I go this backtrace the second time I ran GDB:
Thread 1 “Capture Plane” received signal SIGSEGV, Segmentation fault.
do_lookup_x (undef_name=0x1786558 “\310dx\001”, undef_name@entry=0x7fab858f3b “NvBufferDestroy”, new_hash=new_hash@entry=3460332813, old_hash=0x7fab88b000, old_hash@entry=0x7fffffa990,
ref=0x16ff39086e5, result=0x0, result@entry=0x7fffffa9a0, scope=, i=0, version=0x7fffffaa28, version@entry=0x0, flags=flags@entry=5, skip=skip@entry=0x0, type_class=1,
type_class@entry=127, undef_map=undef_map@entry=0x1786200) at dl-lookup.c:395
395 dl-lookup.c: No such file or directory.
(gdb) bt
#0 do_lookup_x (undef_name=0x1786558 “\310dx\001”, undef_name@entry=0x7fab858f3b “NvBufferDestroy”, new_hash=new_hash@entry=3460332813, old_hash=0x7fab88b000, old_hash@entry=0x7fffffa990,
ref=0x16ff39086e5, result=0x0, result@entry=0x7fffffa9a0, scope=, i=0, version=0x7fffffaa28, version@entry=0x0, flags=flags@entry=5, skip=skip@entry=0x0, type_class=1,
type_class@entry=127, undef_map=undef_map@entry=0x1786200) at dl-lookup.c:395
#1 0x0000007fb7fdb1f4 in _dl_lookup_symbol_x (undef_name=0x7fab858f3b “NvBufferDestroy”, undef_map=0x1786200, ref=0x7fffffaa38, ref@entry=0x7fffffaa58,
symbol_scope=0x7fb644fc14 <NvRmMemUnmap+36>, version=0x0, type_class=127, type_class@entry=1, flags=5, skip_map=skip_map@entry=0x0) at dl-lookup.c:829
#2 0x0000007fb7fdef08 in _dl_fixup (l=, reloc_arg=) at dl-runtime.c:111
#3 0x0000007fb7fe57b4 in _dl_runtime_resolve () at …/sysdeps/aarch64/dl-trampoline.S:94
#4 0x0000007fab86c788 in release_enc_output_buffers () from /usr/lib/aarch64-linux-gnu/tegra/libtegrav4l2.so
#5 0x00000000c0145608 in ?? ()
Backtrace stopped: previous frame identical to this frame (corrupt stack?)

My team can’t ship our software unless we determine what the cause of this error is, and I am looking for any advice on how to solve the above problems. If there is a way to write N frames from the encoder to separate video files (e.g. videos 1, 2, 3, etc…) instead of constructing and destructing the encoder that would be a great solution to all of these problems as well.

Thanks again,
Wyatt

DaneLLL · January 30, 2020, 6:14am

Hi,
We have the option in 01_video_encode:

-s <loop-count>       Stress test [Default = 1]

Please compare with the reference sample.

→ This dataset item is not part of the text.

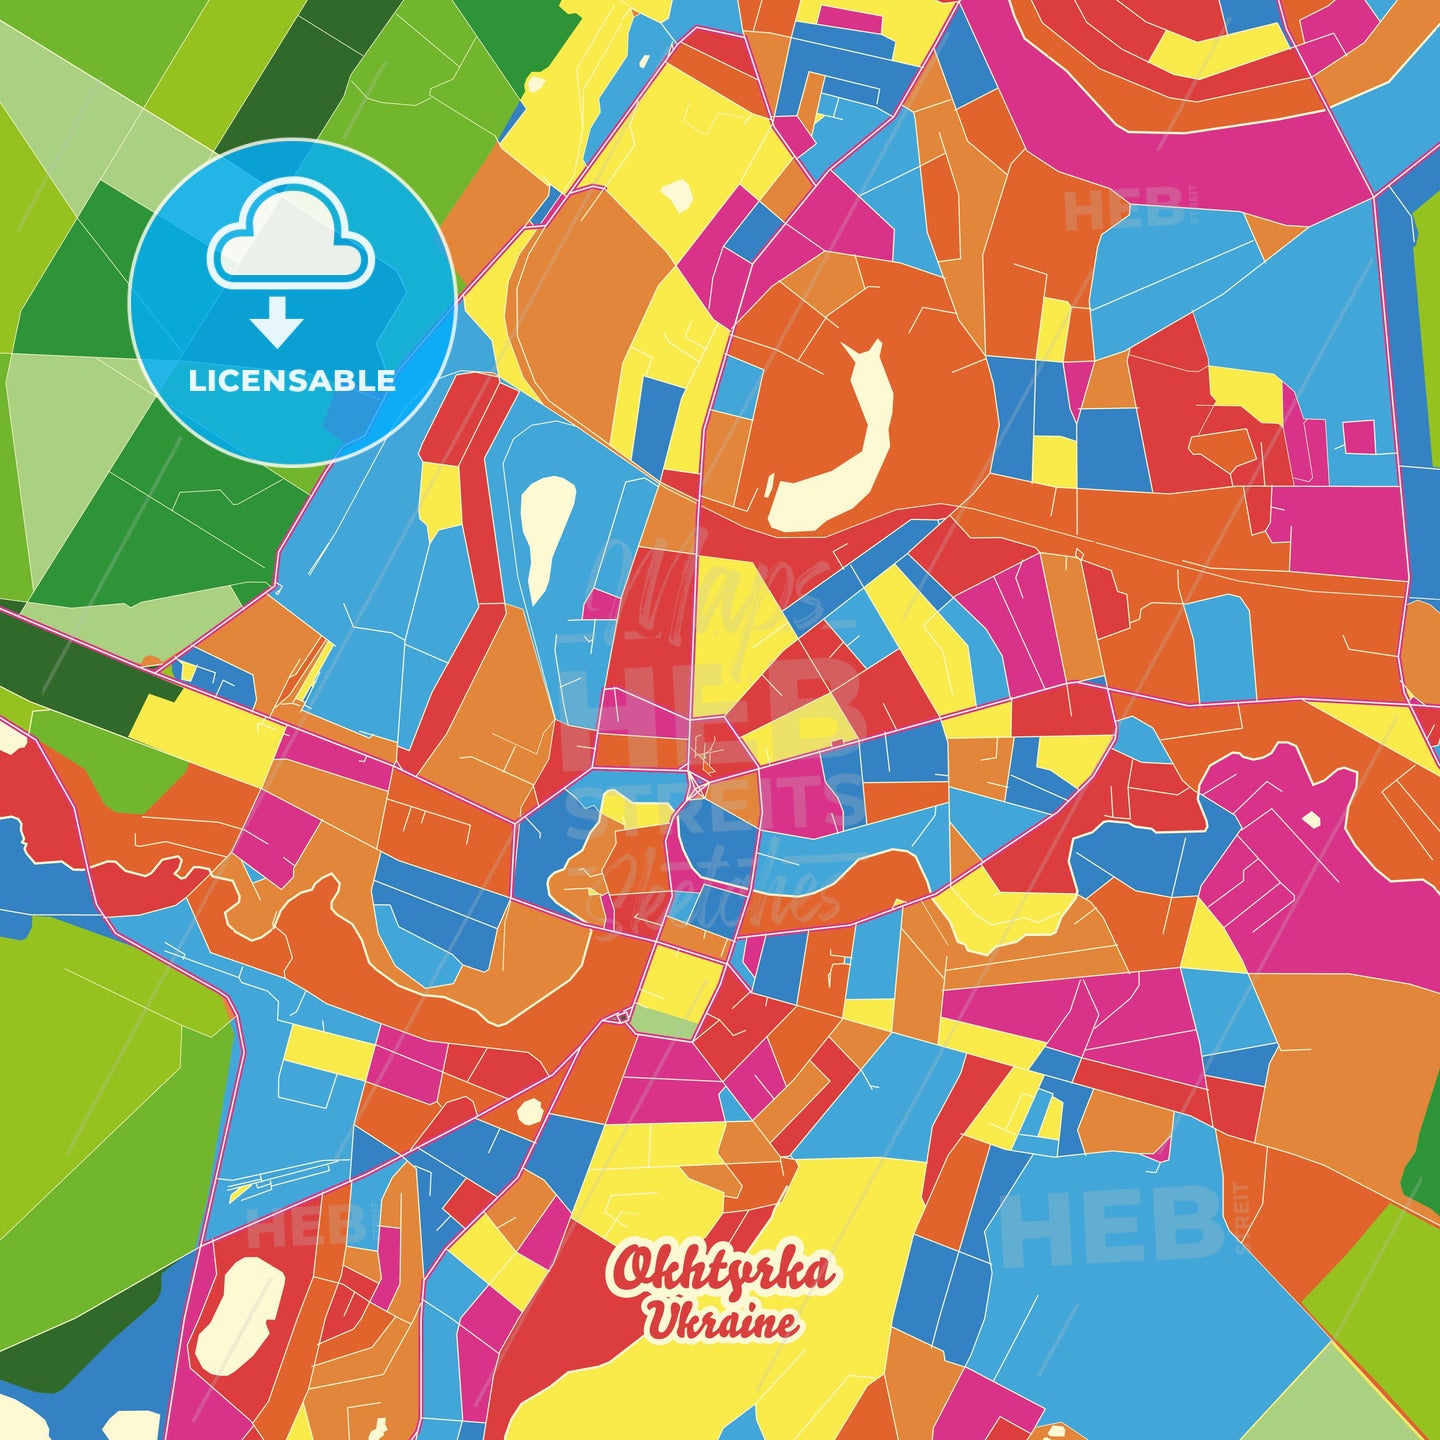 Okhtyrka, Ukraine Crazy Colorful Street Map Poster Template - HEBSTREITS Sketches

We have verified the looping case and it shall work fine.

wyattp6ffi · February 5, 2020, 11:44pm

If you want to process exactly N frames in a video the process is this:

Do not destruct and reconstruct the encoder. Too much can go wrong, and none of the patches have worked for me. Instead, do

Enable SpsPps at each IDR frame during setup: nv_encoder->setInsertSpsPpsAtIdrEnabled(true);
Force an IDR frame on the first frame of the new video (i.e., on frame N+1): nv_encoder->forceIDR()
Then, continue to process frames until that frame is written, this will take more than one dequeue since the encoder holds on to previous frames to encode later frames. In my case I had to process N+2 frames to get the first N to be written to disk.

If you have followed these steps correctly, you will be able to decode your videos with ffmpeg.